Dickie Dex was semiconscious, slumped over one of the bike racks on the playground. In his mouth was
a pacifier. He was naked except for a diaper, the front of which was soaked with yellow liquid. The back was smeared with a brown substance that suggested that Dickie had no more control of the back functions than he did the front. I heard later through a reliable source that the substance was actually chocolate, but I don't know if anyone that day had the ability or desire to check. From that day forward, Richard Dexter ceased to be the bully known as Dickie Dex; his new nickname was DDD, or Triple D, which stood for “Dirty Diaper Dexter.'” He was so far in the Outs, even the other Outs refused to talk to him.
I remember looking through the crowd that day and seeing a few kids not laughing. Instead they were wearing wide smiles, as if they were watching a repeat of a show they had already seen. Kevin was one of them. So was Nicole. I remember finding Vinny in the crowd, a small grin creasing his chubby face, his eyes cold and set. Then he turned and walked away. The other kids in his crew followed suit. It was a simple act that let everyone know who was responsible. The Franklin Middle School landscape had shifted for good.

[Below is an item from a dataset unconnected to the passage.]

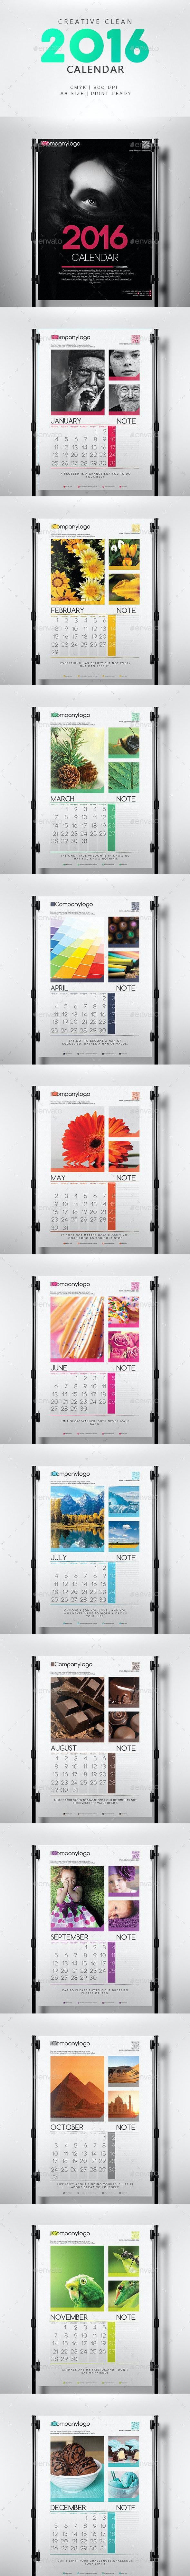 Clean 2016 Calendar - Calendars Stationery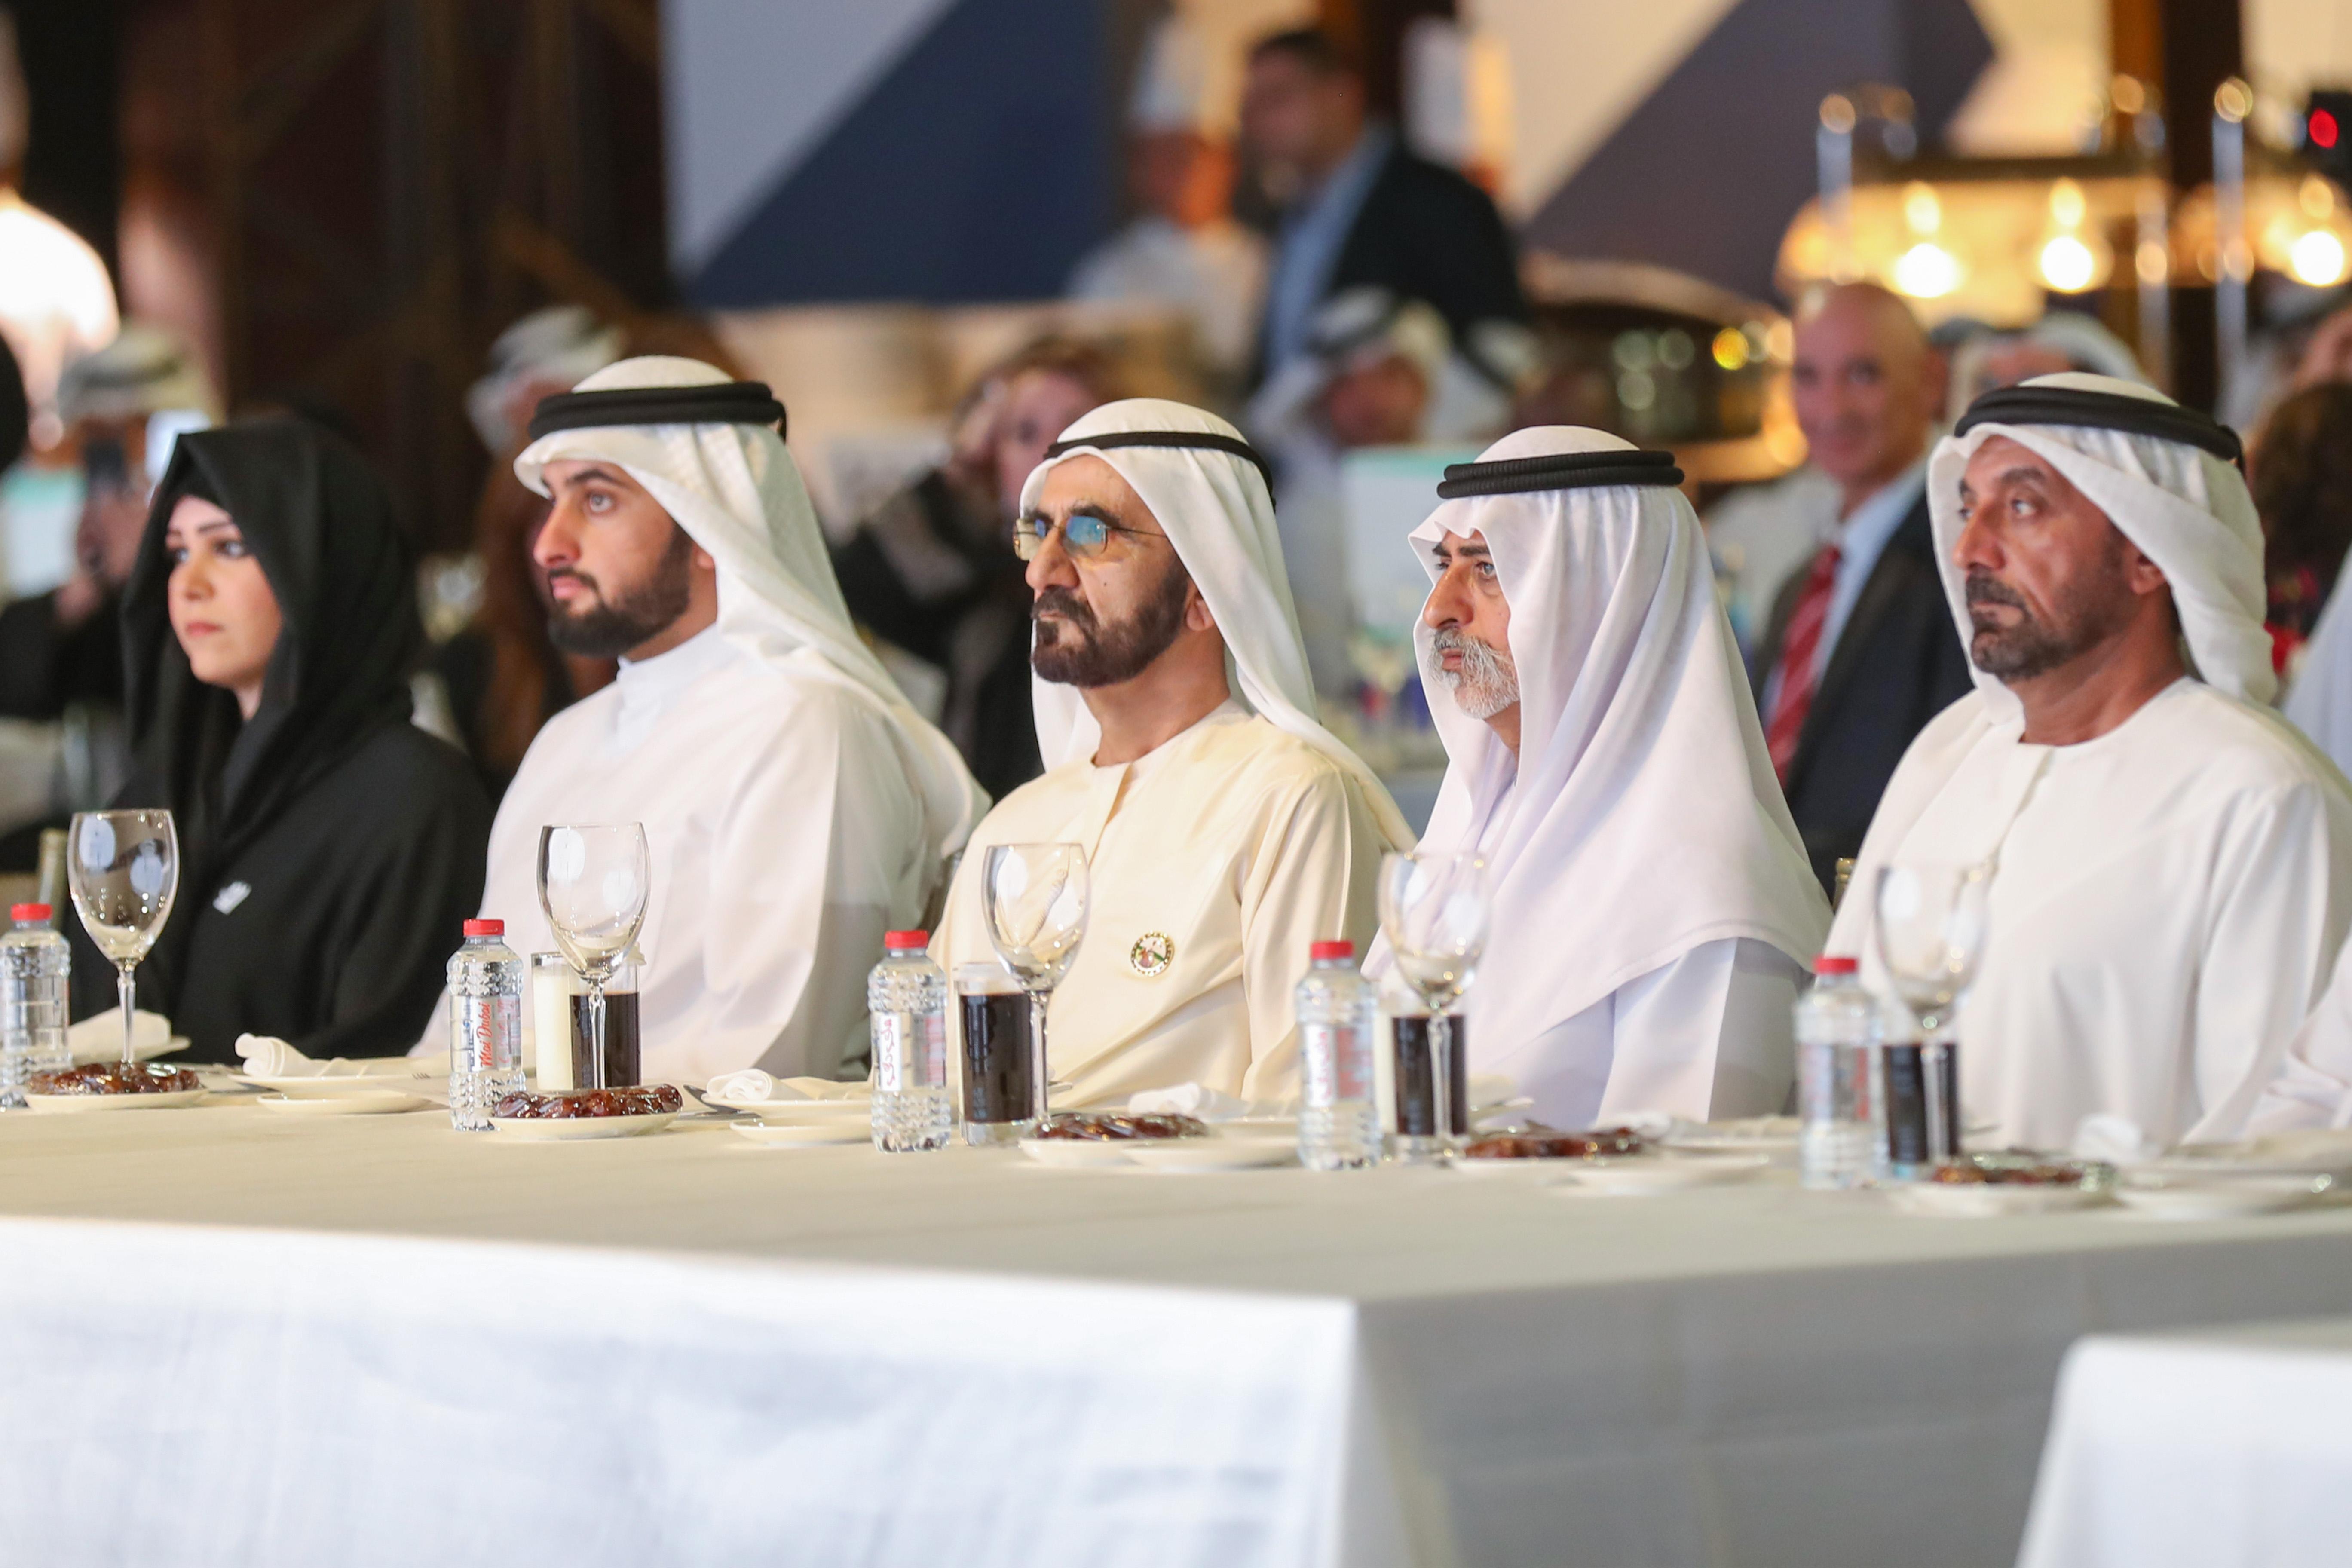 نائب رئيس الدولة يترأس اجتماع مجلس أمناء مؤسسة مبادرات محمد بن راشد آل مكتوم العالمية ويطلق تقرير الأعمال السنوي

Vinny's empire grew. Kids quickly fell into line with the new regime. If they didn't, Vinny had a network of
assassins on call, ready and willing to put them in the Outs. Of these hit kids, Nikki was the best, the fastest, the most feared. As her reputation grew, her look and approach began to change. Gone were the pigtails and cutesy dresses. No longer was she the innocent-looking girl who surprised her marks when she took them out. Now she was always dressed in black, her wild red hair flowing behind her. She was fast, sly, and gorgeousâmore than a match for her marks. When she walked through the halls, the crowds parted, kids three times her size scrambling to get out of her way. Vinny was the boss, but it was Nikki you feared, knowing it would be her face you saw right before your life took a turn for the worse. She had it all: the money, the notoriety, the power. Then, at the start of seventh grade, she quit.
Nobody saw it coming, except maybe Vinny, who seemed to see everything coming. Three weeks ago, on the first day of school, Nikki showed up looking like every other seventh-grade girl. Her wild hair had been corralled into a ponytail. She was wearing pink jeans and a light green T-shirt. The color made her emerald eyes blaze, the only hint of what might still be lying underneath her new, tamer surface. Kids still treated her like a shark in a school
of guppies, but she pressed on with her new agenda. She insisted that everyone call her Nicole and treat her like the past year had never happened. Her request was like trying to win the lottery without buying a ticket: damn near impossible.